_Exercise objective_
Transcribe the following entries word for word. End with the line where "Have you had to try our latest flavor?" appears.

_Supplied records_
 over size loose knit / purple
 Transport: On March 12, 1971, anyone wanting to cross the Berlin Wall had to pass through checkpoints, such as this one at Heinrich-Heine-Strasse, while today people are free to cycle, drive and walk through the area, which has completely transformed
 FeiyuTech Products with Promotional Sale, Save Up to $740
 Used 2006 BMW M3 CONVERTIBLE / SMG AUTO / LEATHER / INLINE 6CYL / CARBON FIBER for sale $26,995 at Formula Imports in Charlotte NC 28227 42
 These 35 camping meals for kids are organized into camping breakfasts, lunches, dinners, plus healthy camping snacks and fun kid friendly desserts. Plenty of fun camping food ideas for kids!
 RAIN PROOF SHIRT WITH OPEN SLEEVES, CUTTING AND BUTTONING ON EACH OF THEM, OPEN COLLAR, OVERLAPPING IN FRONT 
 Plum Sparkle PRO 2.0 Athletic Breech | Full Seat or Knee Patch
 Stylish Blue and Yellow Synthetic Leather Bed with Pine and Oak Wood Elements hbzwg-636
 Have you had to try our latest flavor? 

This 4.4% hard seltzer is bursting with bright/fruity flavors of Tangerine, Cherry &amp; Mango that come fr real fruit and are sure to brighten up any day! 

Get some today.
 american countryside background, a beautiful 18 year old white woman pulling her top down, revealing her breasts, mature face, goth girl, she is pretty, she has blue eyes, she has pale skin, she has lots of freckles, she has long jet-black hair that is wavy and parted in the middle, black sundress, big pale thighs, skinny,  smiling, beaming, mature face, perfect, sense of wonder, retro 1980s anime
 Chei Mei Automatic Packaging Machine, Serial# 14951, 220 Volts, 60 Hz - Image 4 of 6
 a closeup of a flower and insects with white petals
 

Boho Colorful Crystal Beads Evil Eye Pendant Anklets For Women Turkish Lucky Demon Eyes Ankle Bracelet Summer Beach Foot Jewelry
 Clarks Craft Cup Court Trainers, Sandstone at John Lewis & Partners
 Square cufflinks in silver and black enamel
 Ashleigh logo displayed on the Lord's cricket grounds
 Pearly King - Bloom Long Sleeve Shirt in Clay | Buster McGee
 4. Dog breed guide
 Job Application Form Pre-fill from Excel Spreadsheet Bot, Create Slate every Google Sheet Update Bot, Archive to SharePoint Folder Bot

_Expected answer_
 over size loose knit / purple
 Transport: On March 12, 1971, anyone wanting to cross the Berlin Wall had to pass through checkpoints, such as this one at Heinrich-Heine-Strasse, while today people are free to cycle, drive and walk through the area, which has completely transformed
 FeiyuTech Products with Promotional Sale, Save Up to $740
 Used 2006 BMW M3 CONVERTIBLE / SMG AUTO / LEATHER / INLINE 6CYL / CARBON FIBER for sale $26,995 at Formula Imports in Charlotte NC 28227 42
 These 35 camping meals for kids are organized into camping breakfasts, lunches, dinners, plus healthy camping snacks and fun kid friendly desserts. Plenty of fun camping food ideas for kids!
 RAIN PROOF SHIRT WITH OPEN SLEEVES, CUTTING AND BUTTONING ON EACH OF THEM, OPEN COLLAR, OVERLAPPING IN FRONT 
 Plum Sparkle PRO 2.0 Athletic Breech | Full Seat or Knee Patch
 Stylish Blue and Yellow Synthetic Leather Bed with Pine and Oak Wood Elements hbzwg-636
 Have you had to try our latest flavor? 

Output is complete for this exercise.